Problem with linear differential equation

[stripedcat]

Still learning the formatting commands, sorry!

I'm aware of the $(dy/dx) + P(x)y=Q(x)$ formula, as well as the $e^{\int P(x) dx}$ formula needed to get the "I" factor.

Here's the equation.

$$(dy/dx)+(2/x)y=3x-5$$

The "$P(x)$" would be $(2/x), \int 2/x\ dx = 2 \ln(x), e^{2 \ln(x)} = x^2$, so $x^2$ is the "I factor", and I know this gets multiplied by both sides
$$x^2((dy/dx)+(2/x)y=x^2(3x-5)$$

$3x^3+5x^2$ simplification on the right.

I'm not sure what to do with the left side.
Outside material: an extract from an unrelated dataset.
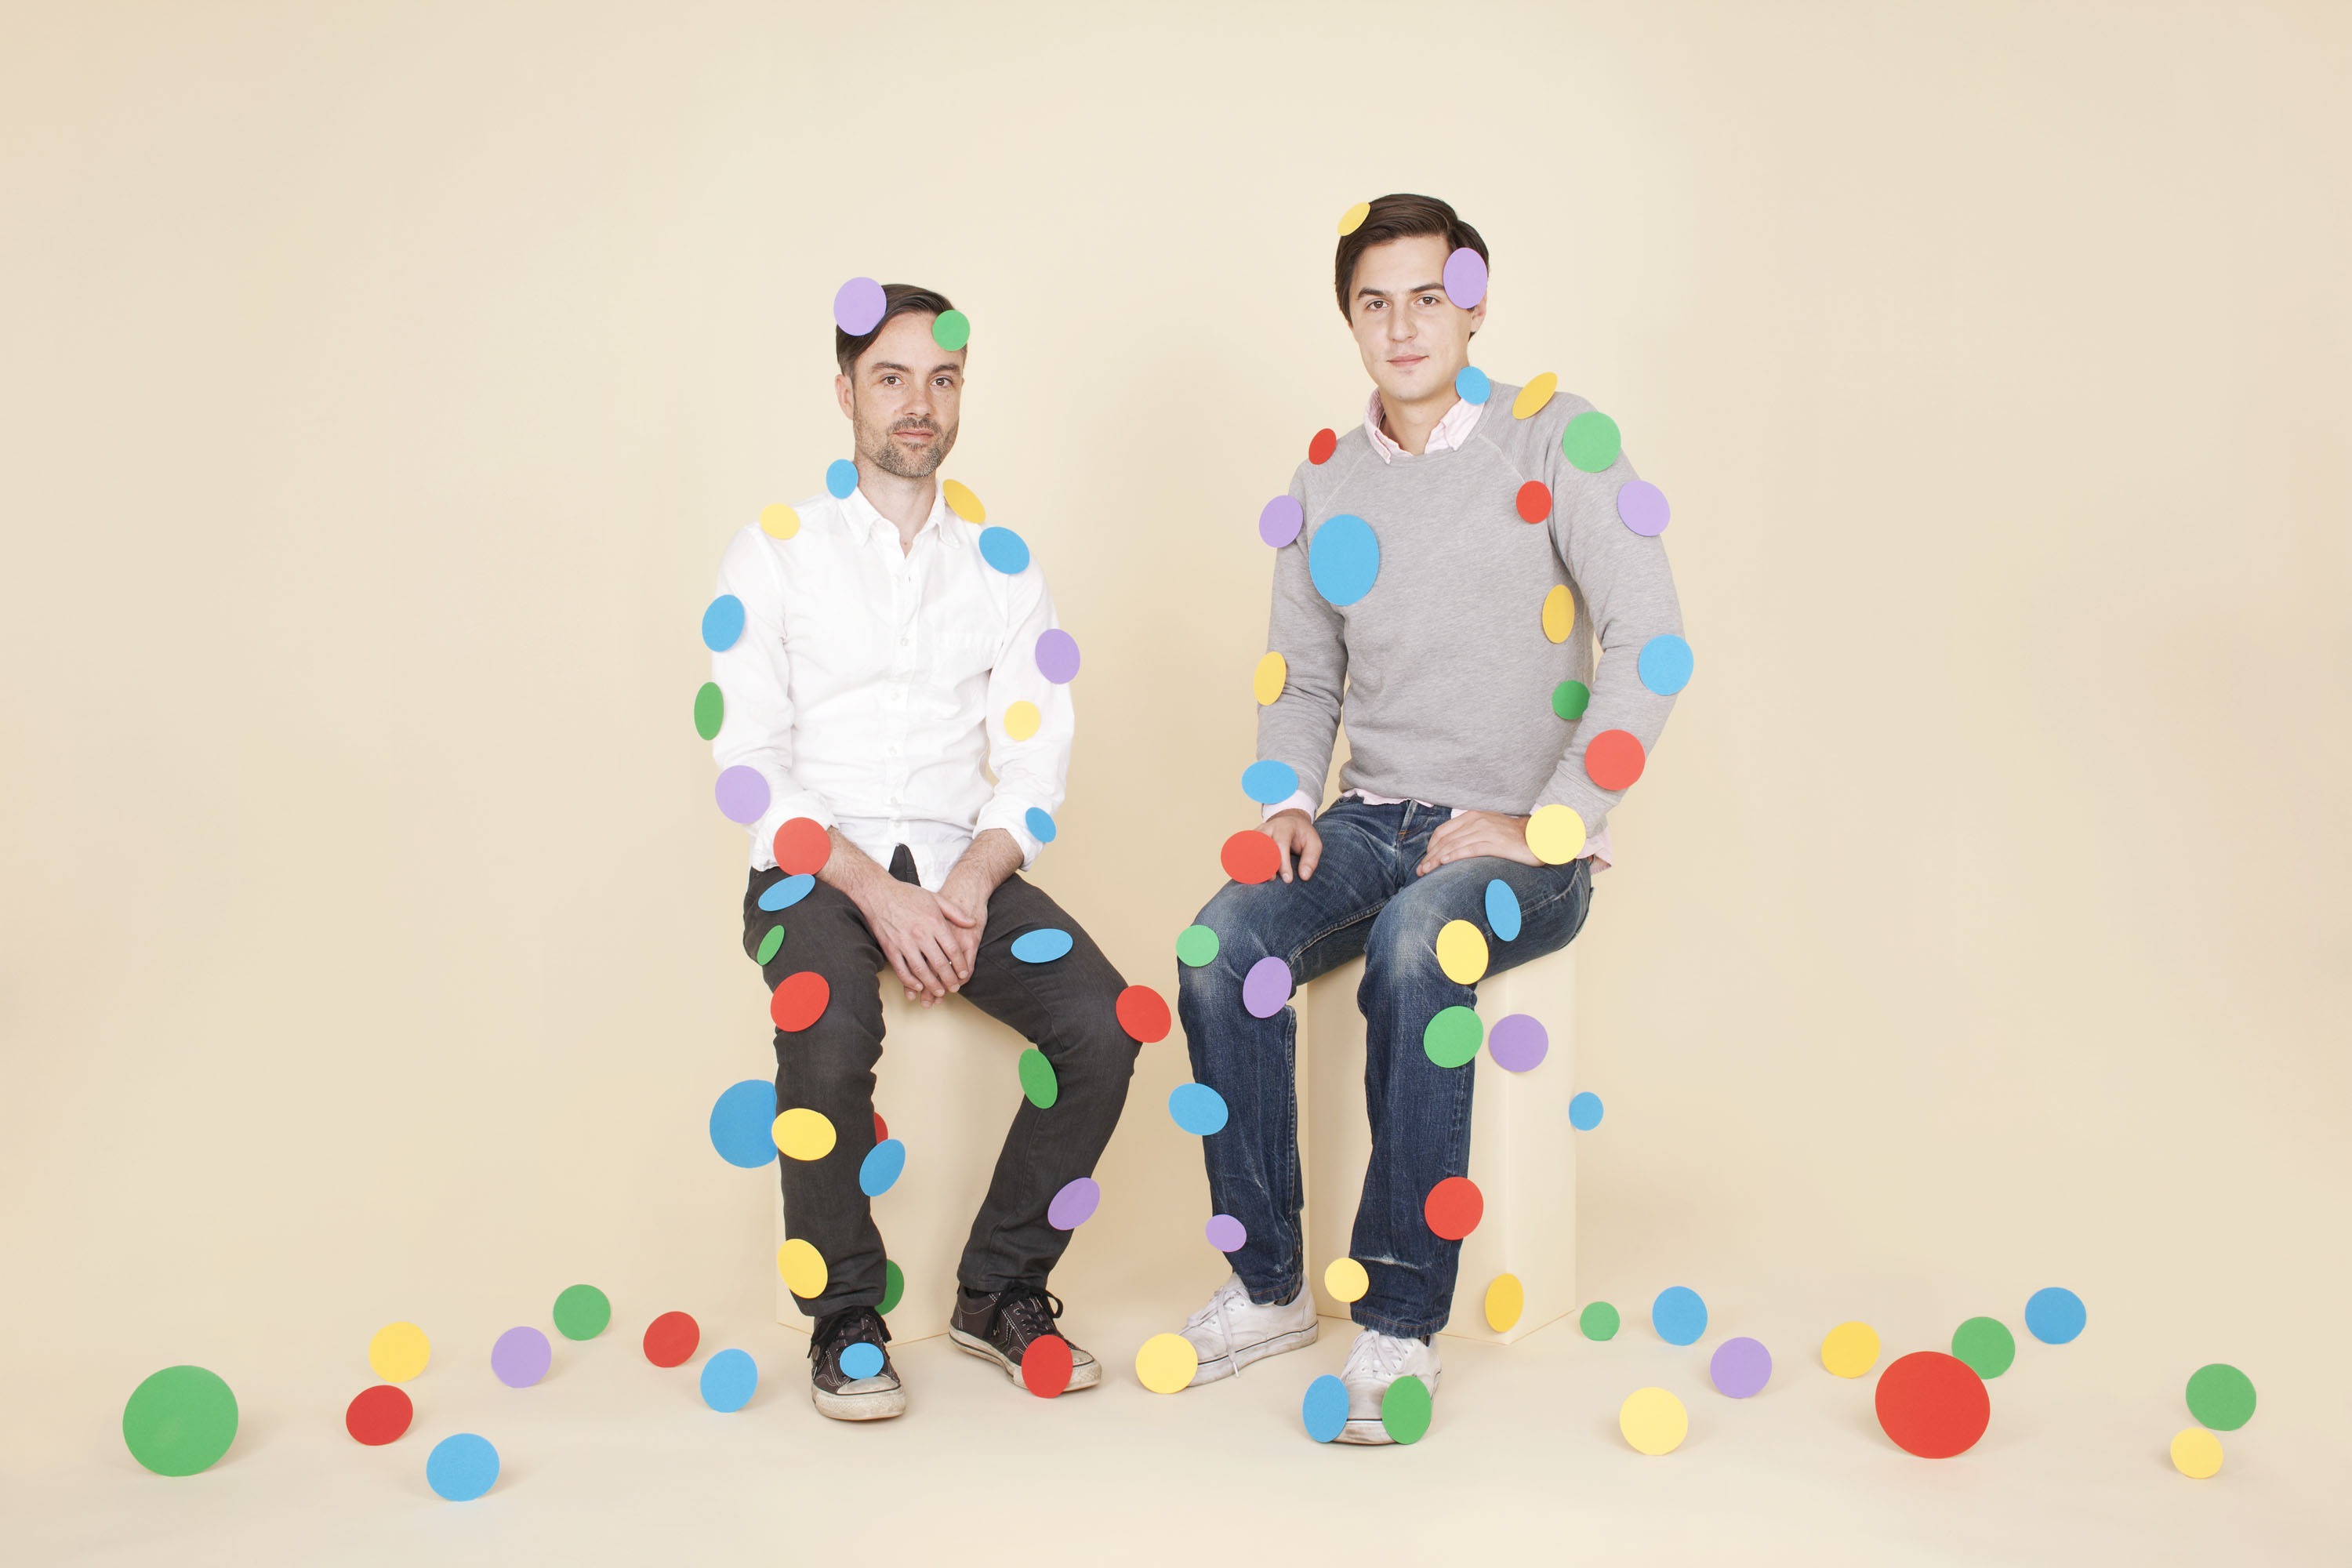 Paul Murphy, left, and Patrick Moberg are the CEO and CCO of Playdots, which makes the hit mobile games Dots and Two Dots. (Ina Jang for TIME)

I know I need to get that dx out of there so it can go over to the right.

I think I need to start isolating the dy/dx expression...
$$x^2((dy/dx) = (3x^3+5x^2)-((2/x)y)$$
$$dy/dx = ((3x^3+5x^2)-((2/x)y))/x^2$$

This doesn't seem right at all.

 

[topsquark]

Still learning the formatting commands, sorry!

I'm aware of the $(dy/dx) + P(x)y=Q(x)$ formula, as well as the $e^{\int P(x) dx}$ formula needed to get the "I" factor.

Here's the equation.

$$(dy/dx)+(2/x)y=3x-5$$

The "$P(x)$" would be $(2/x), \int 2/x\ dx = 2 \ln(x), e^{2 \ln(x)} = x^2$, so $x^2$ is the "I factor", and I know this gets multiplied by both sides
$$x^2((dy/dx)+(2/x)y=x^2(3x-5)$$

$3x^3+5x^2$ simplification on the right.

I'm not sure what to do with the left side. I know I need to get that dx out of there so it can go over to the right.

I think I need to start isolating the dy/dx expression...
$$x^2((dy/dx) = (3x^3+5x^2)-((2/x)y)$$
$$dy/dx = ((3x^3+5x^2)-((2/x)y))/x^2$$

This doesn't seem right at all.

The x^2 is an integrating factor. So the left hand side is now in a form that you can write:
\(\displaystyle \frac{d}{dx} \left ( x^2 y \right ) = 2x y + x^2 \frac{dy}{dx}\)

Thus your original equation is now
\(\displaystyle \frac{d}{dx} \left ( x^2 y \right ) = x^2 (3x - 5)\)

How do you finish this?

-Dan

 

[stripedcat]

The x^2 is an integrating factor. So the left hand side is now in a form that you can write:
\(\displaystyle \frac{d}{dx} \left ( x^2 y \right ) = 2x y + x^2 \frac{dy}{dx}\)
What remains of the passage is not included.